Inhibition of Palmitoylation

To determine whether AtRAC7, AtRAC8, and AtRAC10 are palmitoylated, cultures were injected into the leaves together with either 1 mM of the protein palmitoylation inhibitor 2-bromopalmitate (Fluka) dissolved in 10% DMSO or 10% DMSO alone. Leaf injections were performed as described above.

Protein Immunoblot Analysis

Proteins from leaves that expressed GFPAtRAC8, GFPAtrac8m-SS^199+205, GFPAtRAC7, GFPAtrac7mSS^203+206, GFPAtRAC10, or free GFP were extracted in 10 mM Hepes-KOH, pH 7.5, 10 mM EDTA, 1 mM DTT, and plant protease inhibitor mix (Sigma). To precipitate insoluble material, extracts were centrifuged at 18,000g. The resulting supernatant was collected and centrifuged again at 100,000g for 2 h. The insoluble pellet was incubated on ice for 20 min in 50 mM Hepes-KOH, pH 7.5, 50 mM NaCl, 1% deoxycholic acid, 1% Triton X-100, 0.5% SDS, 1 mM DTT, and protease inhibitor mix. The extract was centrifuged again at 18,000g for 10 min. Supernatant was collected for further analyses. Proteins were resolved by SDS-PAGE (Laemmli, 1970) and transferred onto nitrocellulose membranes. Membranes were incubated for 1 h at room temperature with mouse anti-GFP monoclonal antibodies (Stressgen, San Diego, CA) and then washed and incubated with blotting-grade horseradish peroxidase–conjugated goat anti-mouse secondary antibodies (Bio-Rad). Detection was performed using SuperSignal (Pierce). Before gel electrophoresis, deoxycholate, Triton X-100, and SDS were added to the 100,000g supernatant, resulting in the final concentrations used to solubilize the membranes.

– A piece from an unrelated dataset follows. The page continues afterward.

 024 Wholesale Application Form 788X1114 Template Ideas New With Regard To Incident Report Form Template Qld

Fluorescence and Confocal Imaging

Wide-field fluorescence imaging was performed using a Zeiss Axioplan-2 imaging fluorescence microscope (Jena, Germany) equipped with an AxioCam cooled charge-coupled device camera. Confocal imaging was performed using a Zeiss R510 confocal laser scanning microscope. Excitation was performed with an argon laser set to 488 nm, and emission was detected with a 525-nm ± 15-nm band-path filter. Image analysis was performed with Zeiss AxioVision, Zeiss CLSM-5, and Adobe Photoshop 6.0 (Mountain View, CA).

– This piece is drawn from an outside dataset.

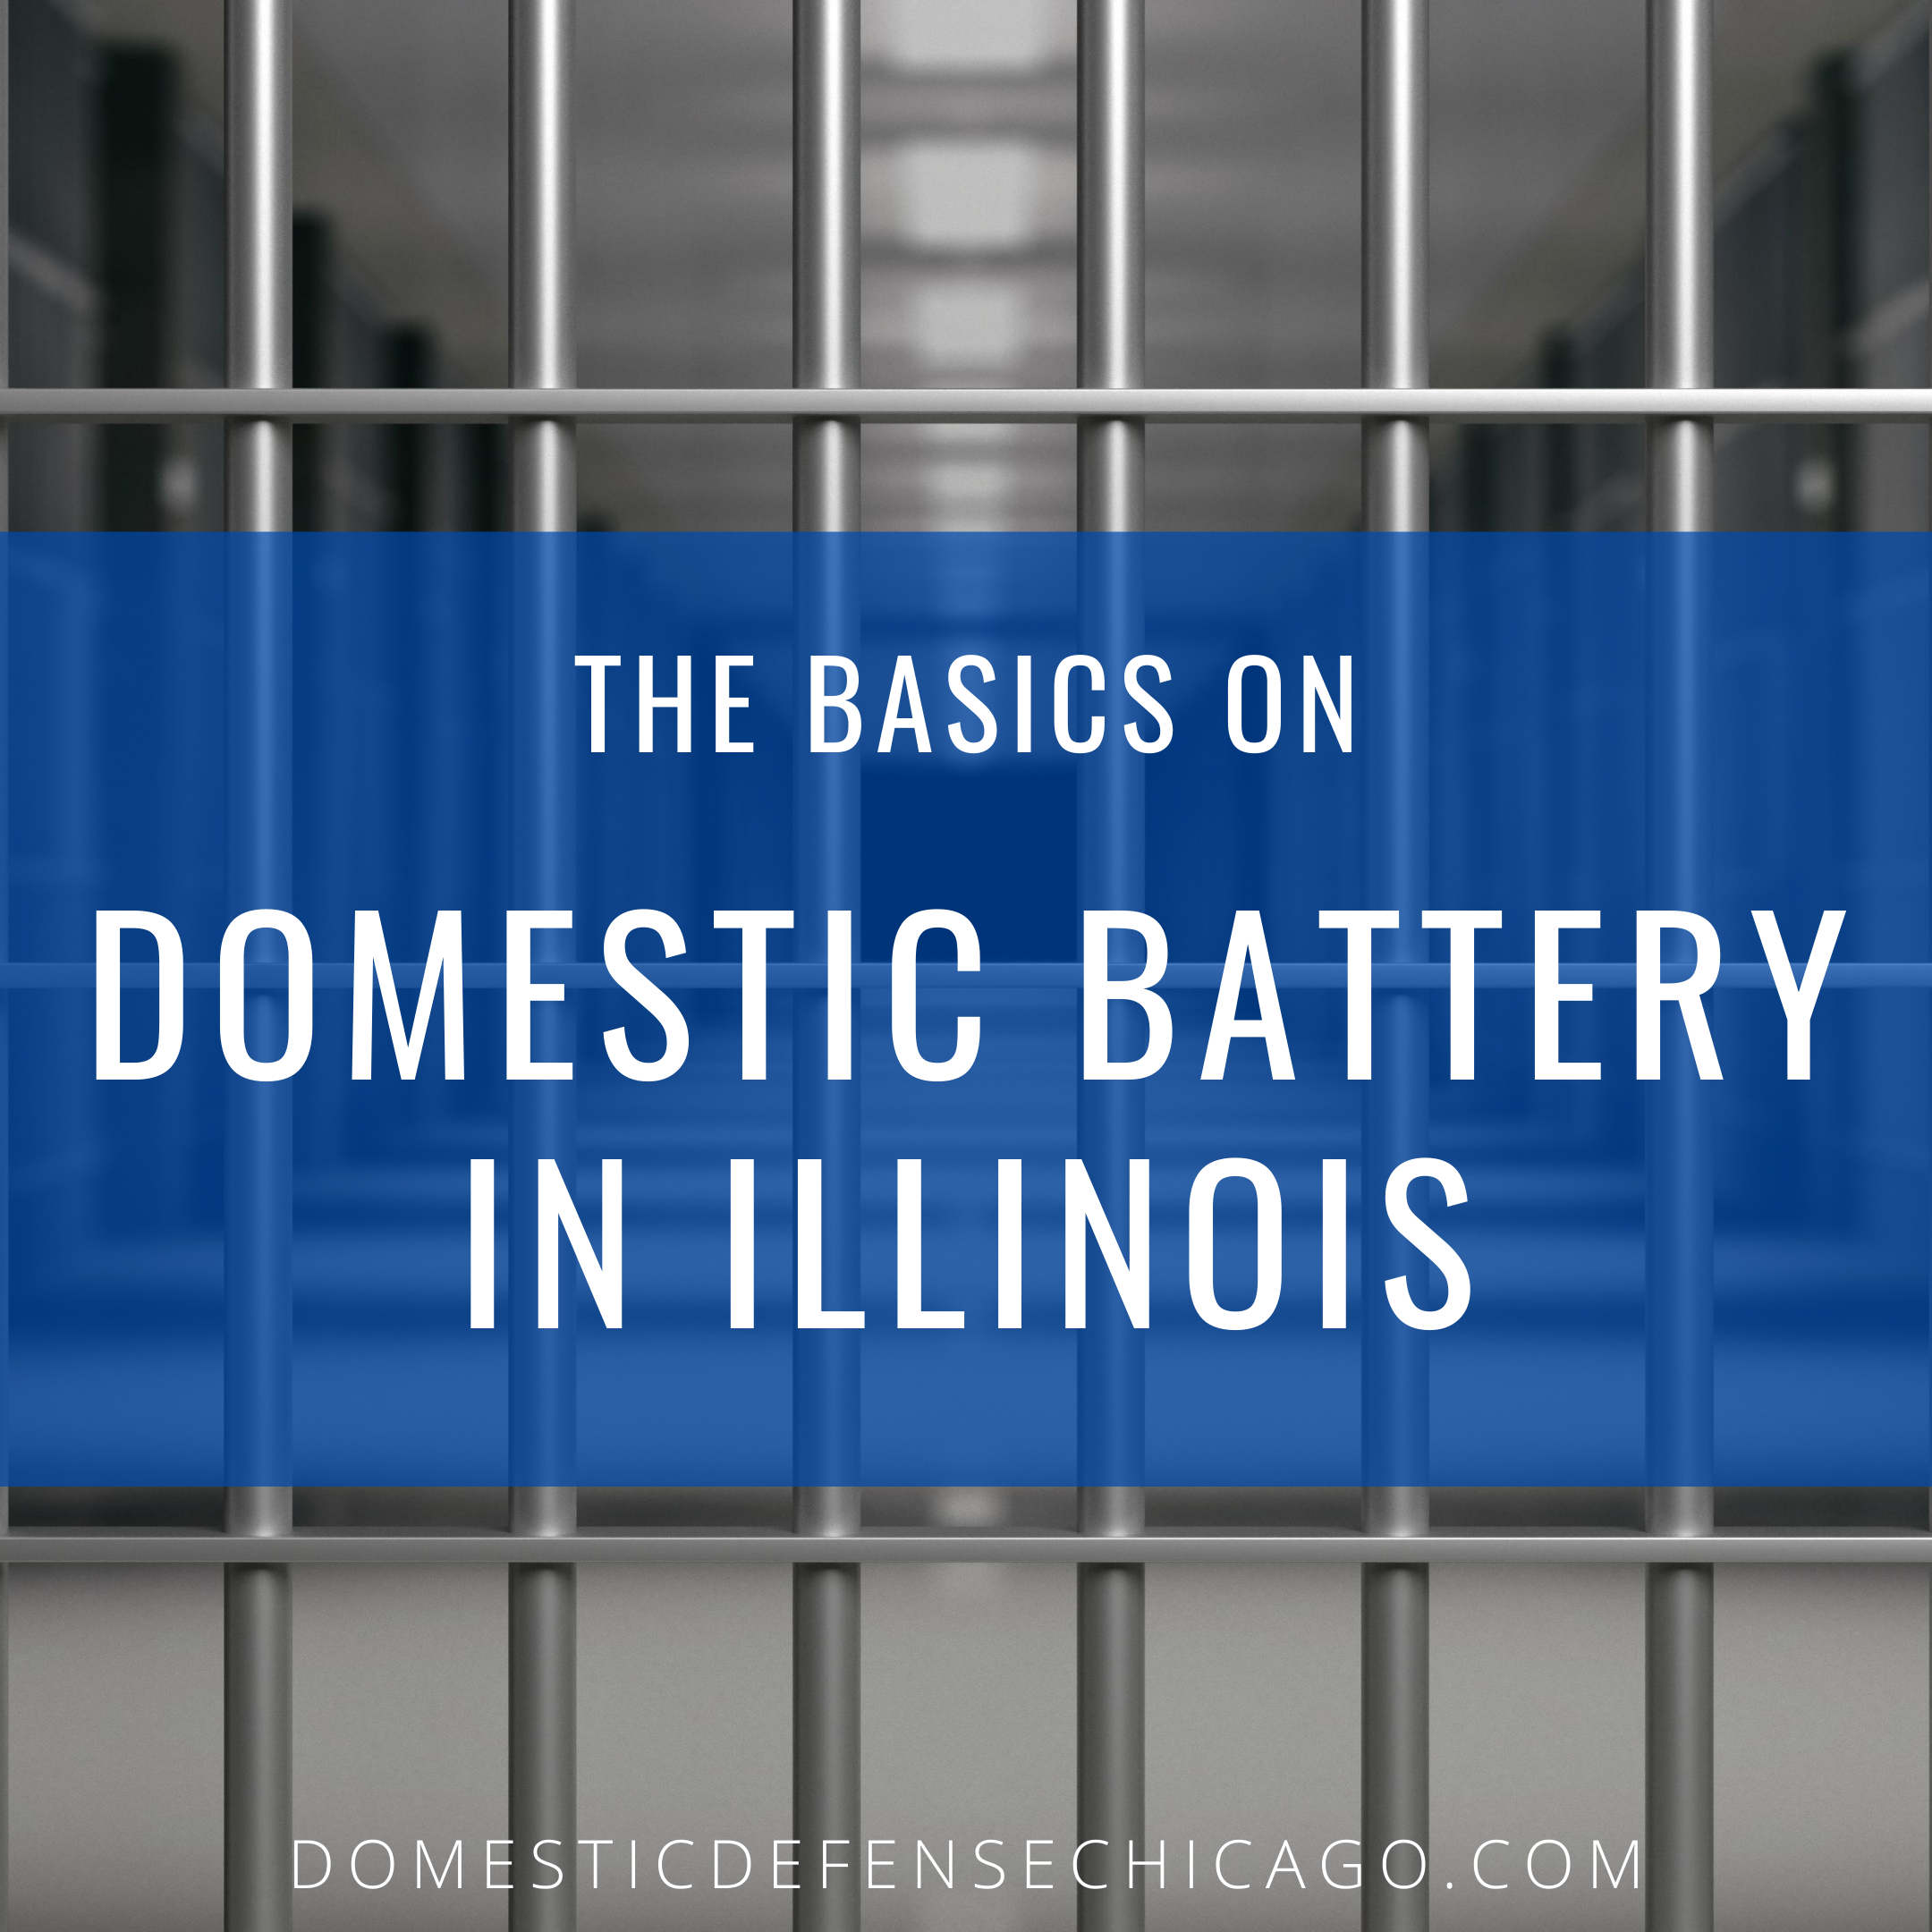 The Basics on Domestic Battery in Illinois

Upon request, all novel materials described in this article will be made available in a timely manner for noncommercial research purposes. No restrictions or conditions will be placed on the use of any materials described in this article that would limit their use for noncommercial research purposes.

Accession Numbers

The GenBank accession numbers for the genes mentioned in this article are as follows: AtRAC7 (AF079484), AtRAC8 (AF079486), AtRAC10 (AF079485), and RacU (U88402).